__WHAT IS REQUIRED__
Please reproduce the lines from the one containing "Andelsbuch mit Künzelspitze" through the end of the data below exactly as they stand, and omit all pictures.
╭─ TASK INPUT
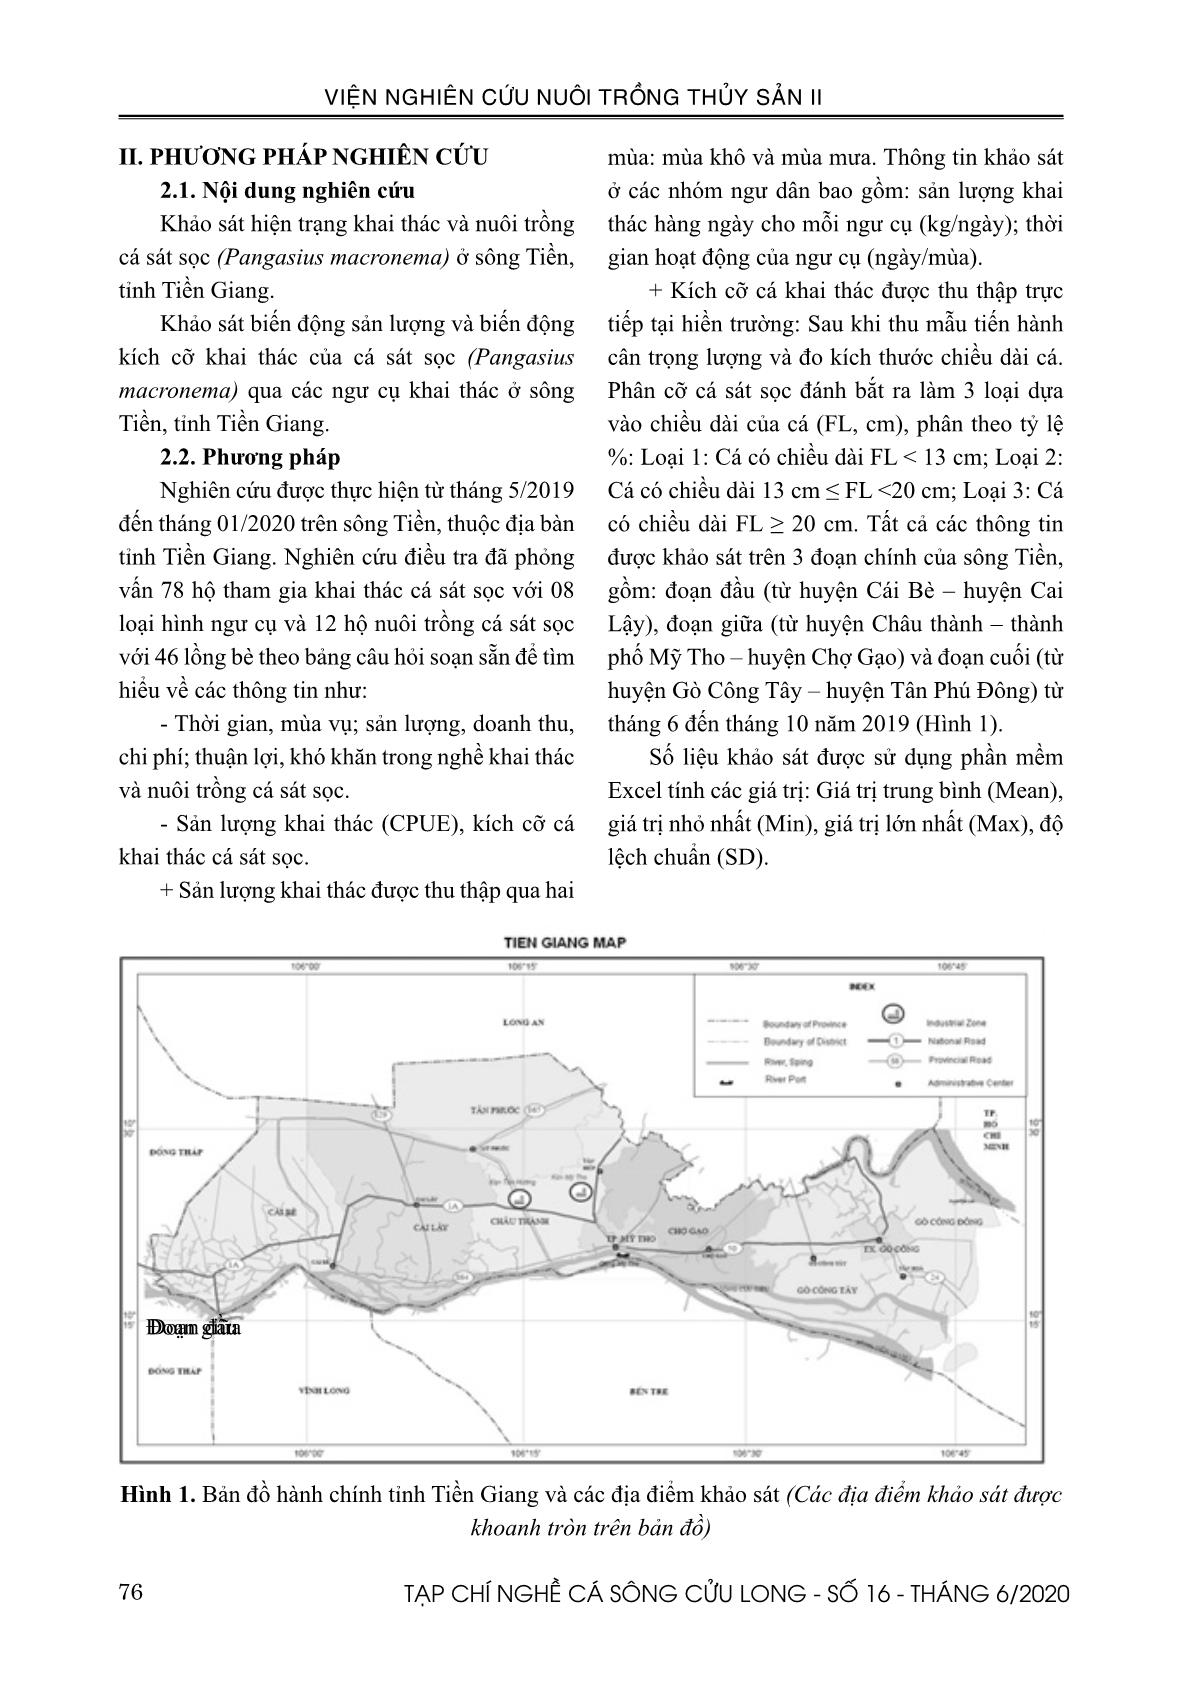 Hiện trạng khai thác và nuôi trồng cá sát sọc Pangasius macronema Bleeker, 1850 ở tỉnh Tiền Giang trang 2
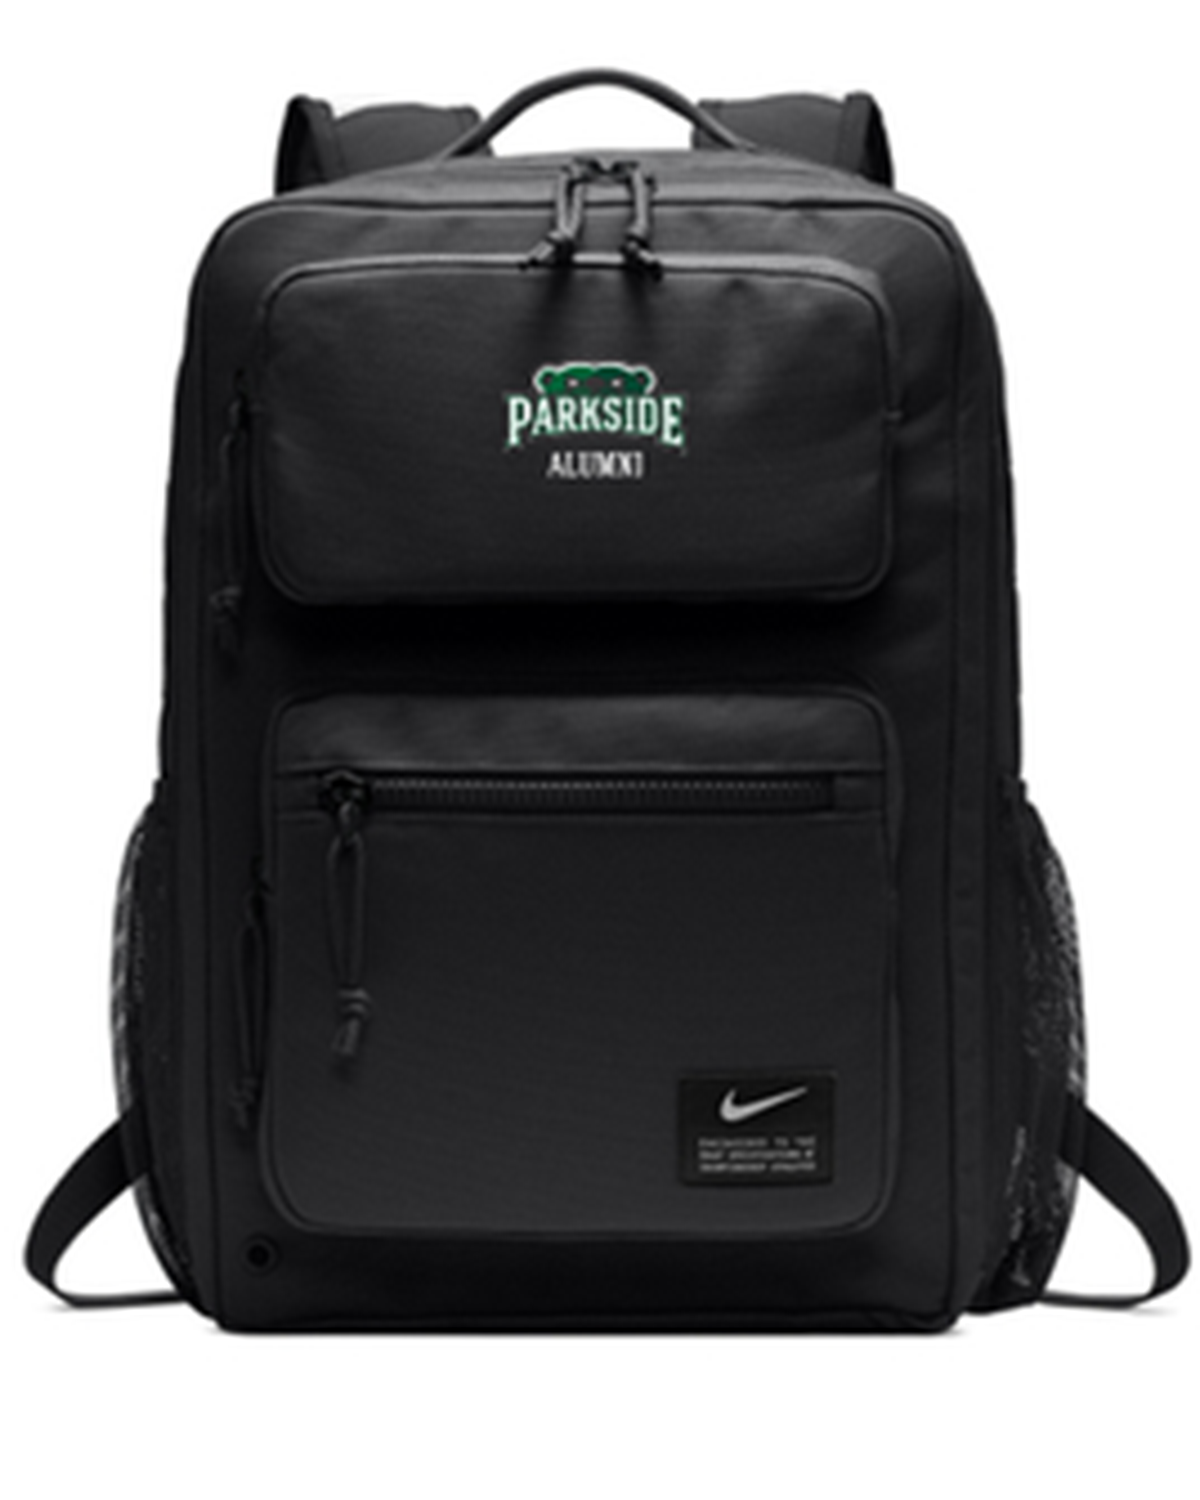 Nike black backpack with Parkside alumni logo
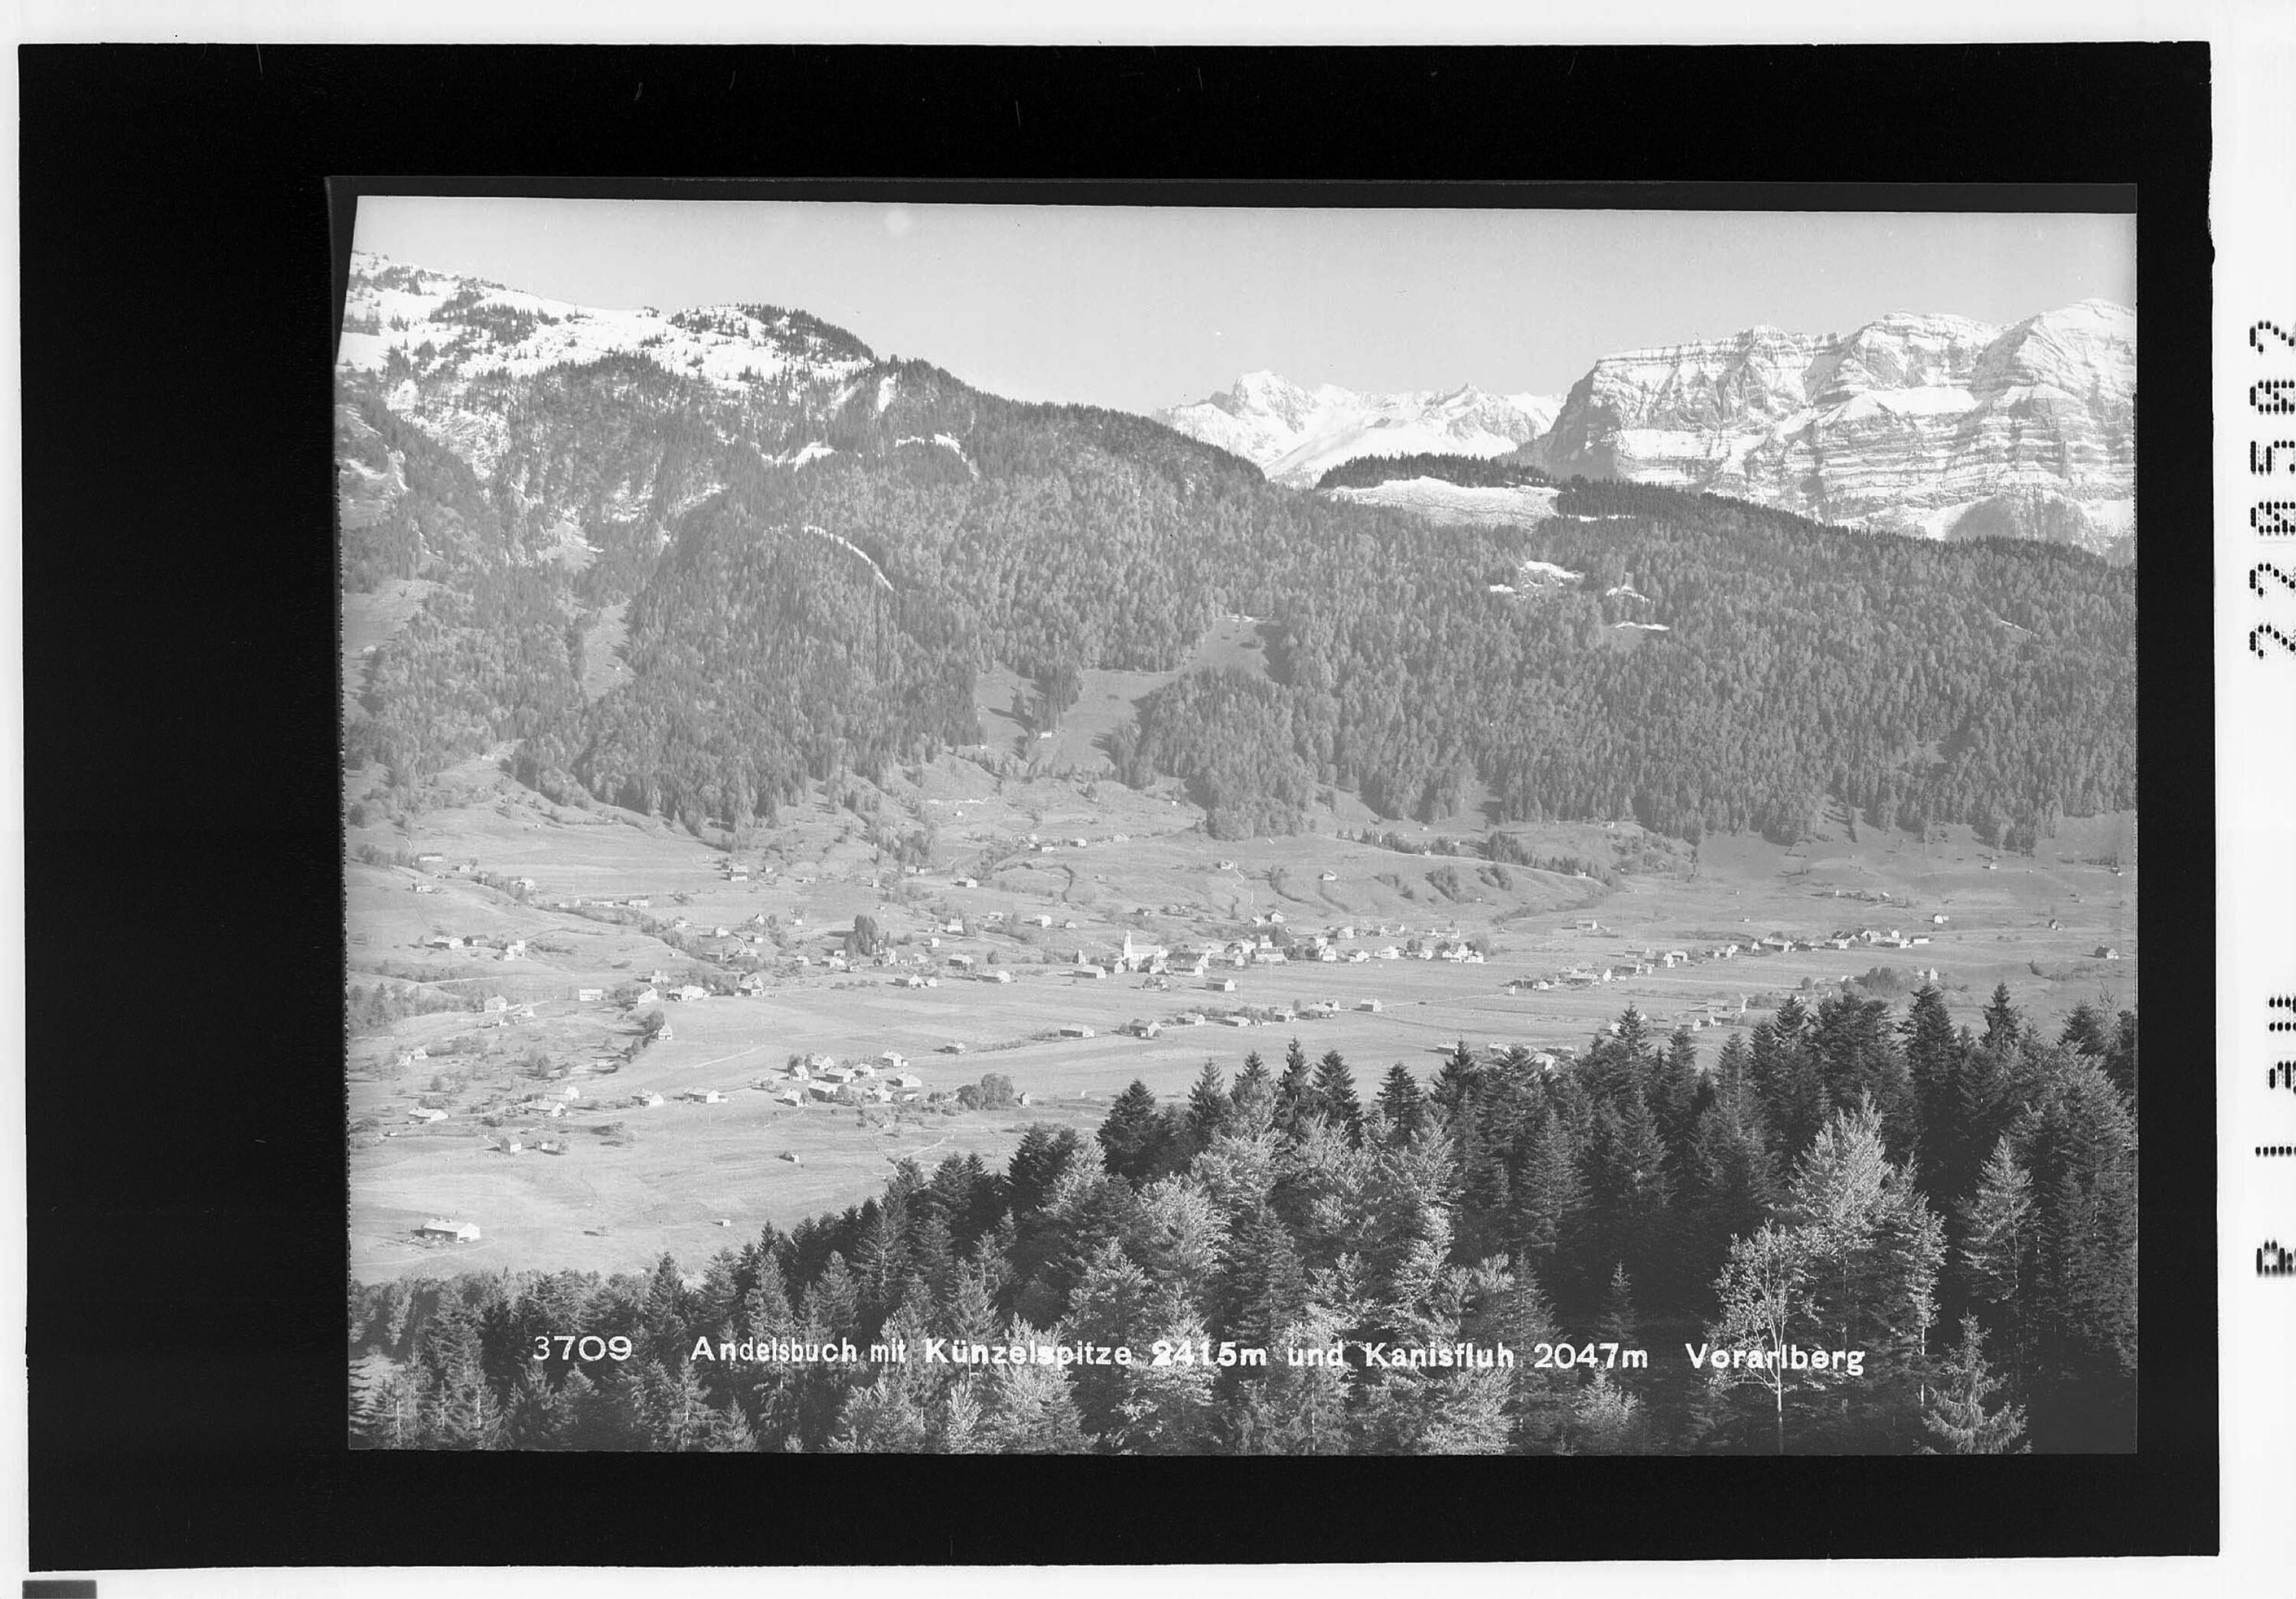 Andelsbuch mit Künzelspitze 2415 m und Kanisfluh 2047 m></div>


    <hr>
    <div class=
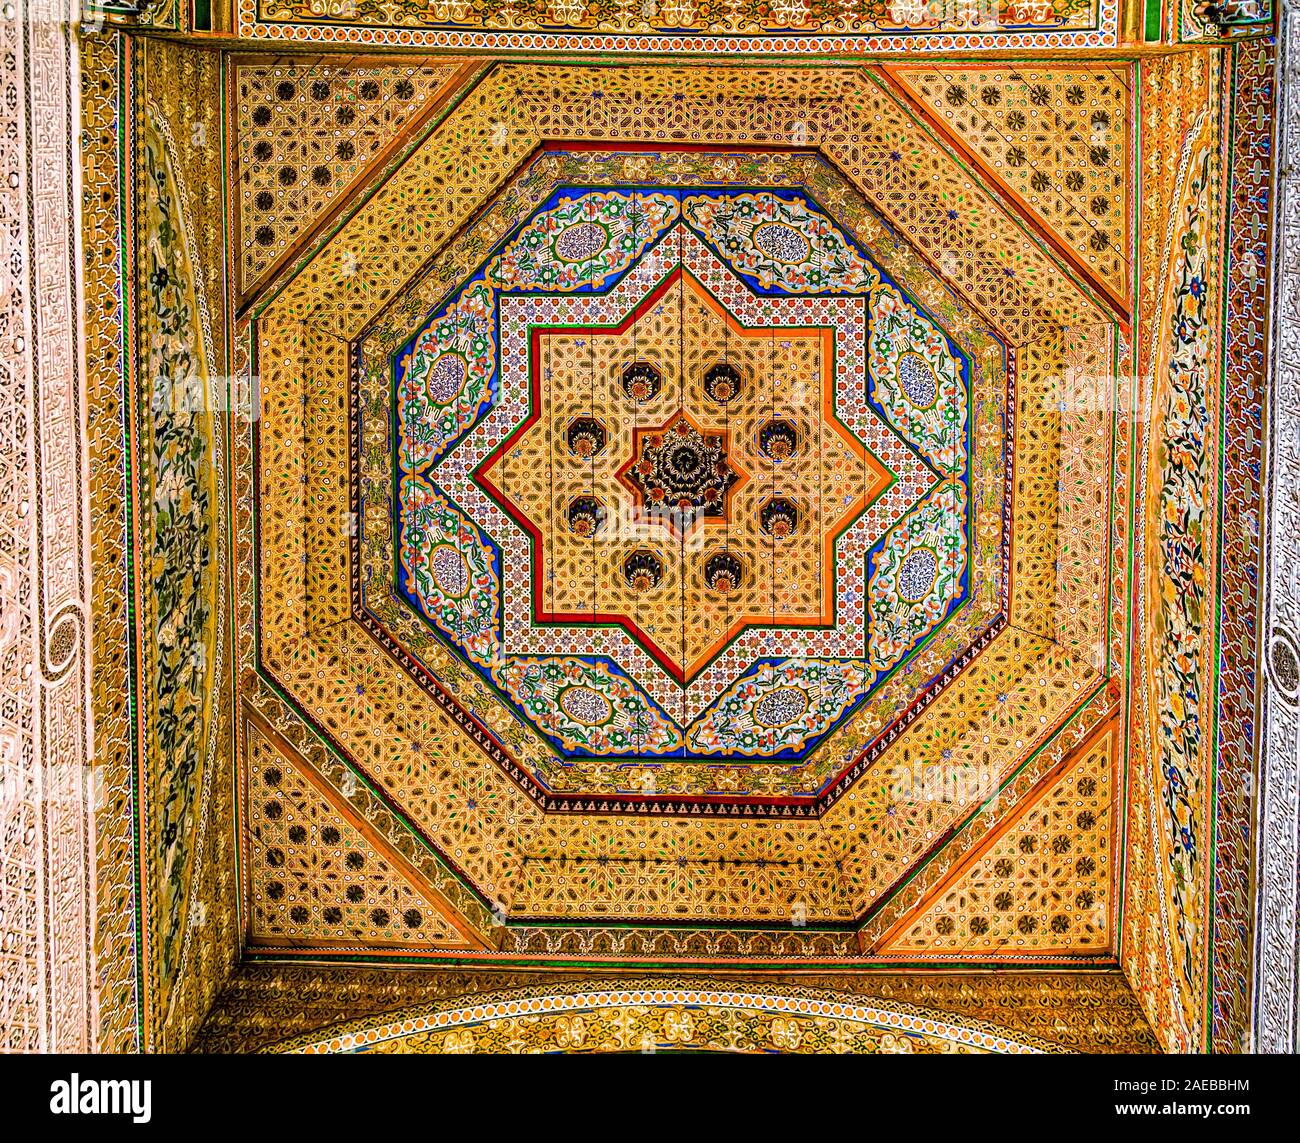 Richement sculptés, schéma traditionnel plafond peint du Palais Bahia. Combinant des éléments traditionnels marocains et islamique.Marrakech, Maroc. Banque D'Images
╰─
__RESPONSE TO THIS TASK__
 Andelsbuch mit Künzelspitze 2415 m und Kanisfluh 2047 m></div>


    <hr>
    <div class=
 Richement sculptés, schéma traditionnel plafond peint du Palais Bahia. Combinant des éléments traditionnels marocains et islamique.Marrakech, Maroc. Banque D'Images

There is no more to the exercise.